---
title: "Getting Started with BioMoR"
output: rmarkdown::html_vignette
vignette: >
  %\VignetteIndexEntry{Getting Started with BioMoR}
  %\VignetteEngine{knitr::rmarkdown}
  %\VignetteEncoding{UTF-8}
---

```{r, include=FALSE}
knitr::opts_chunk$set(
  collapse = TRUE,
  comment = "#>"
)
```

BioMoR: Bioinformatics Modeling with Recursion and Autoencoder-Based Ensembles

BioMoR is an R package for bioinformatics modeling that integrates:
- Recursive Transformer architectures via Mixture-of-Recursions (MoR)
  (Bae et al. 2025 doi:10.48550/arXiv.2507.10524)
- Autoencoder-based representation learning
  (Hinton & Salakhutdinov 2006 doi:10.1126/science.1127647)
- Random Forests for robust tree-based modeling
  (Breiman 2001 doi:10.1023/A:1010933404324)
- XGBoost for efficient gradient boosting
  (Chen & Guestrin 2016 doi:10.1145/2939672.2939785)
- Stacked ensembles to combine diverse models for stronger predictive power.

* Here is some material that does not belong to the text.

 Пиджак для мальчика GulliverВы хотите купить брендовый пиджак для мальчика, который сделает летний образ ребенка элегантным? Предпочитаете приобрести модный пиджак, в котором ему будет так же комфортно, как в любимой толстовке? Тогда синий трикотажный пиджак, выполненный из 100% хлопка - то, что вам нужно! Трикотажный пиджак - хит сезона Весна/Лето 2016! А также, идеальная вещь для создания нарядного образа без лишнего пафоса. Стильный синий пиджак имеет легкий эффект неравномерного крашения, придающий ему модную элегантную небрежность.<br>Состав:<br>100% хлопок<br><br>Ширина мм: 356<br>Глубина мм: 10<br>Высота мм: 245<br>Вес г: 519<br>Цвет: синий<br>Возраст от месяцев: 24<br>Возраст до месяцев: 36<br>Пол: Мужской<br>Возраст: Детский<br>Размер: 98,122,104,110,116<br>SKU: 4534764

It is designed as a benchmarking framework for predictive workflows in bioinformatics, enabling consistent cross-validation, calibration, and threshold optimization.

Motivation

Modern bioinformatics involves high-dimensional and noisy data such as genomics, transcriptomics, and proteomics. BioMoR addresses these challenges by:
- Using Mixture-of-Recursions (MoR) for adaptive recursive depth and computational efficiency.
- Learning latent embeddings through autoencoders to improve classifier generalization.
- Leveraging ensemble methods (RF, XGB) for robustness.
- Providing a standardized benchmarking interface to evaluate models on ROC-AUC, PR-AUC, F1, Balanced Accuracy, Brier score, calibration, and threshold optimization.

Example Workflow

We illustrate with the classic iris dataset (binary recoding for simplicity):

```{r, message=FALSE}
library(BioMoR)

# Prepare dataset: recode labels to binary
data(iris)
iris$Label <- ifelse(iris$Species == "setosa", "Active", "Inactive")

# Cross-validation control
ctrl <- get_cv_control(cv = 3)

# Train a Random Forest
fit <- train_rf(iris, outcome_col = "Label", ctrl = ctrl)

# Benchmark the model
results <- biomor_benchmark(fit, iris, outcome_col = "Label")
results
```

You can further extend this workflow by:

- Replacing `train_rf()` with `train_xgb_caret()` for XGBoost.
- Incorporating autoencoder features via `train_autoencoder()` and `get_embeddings()`.
- Using `train_biomor()` to stack multiple models.
- Benchmarking across models to compare pipelines in one consistent framework.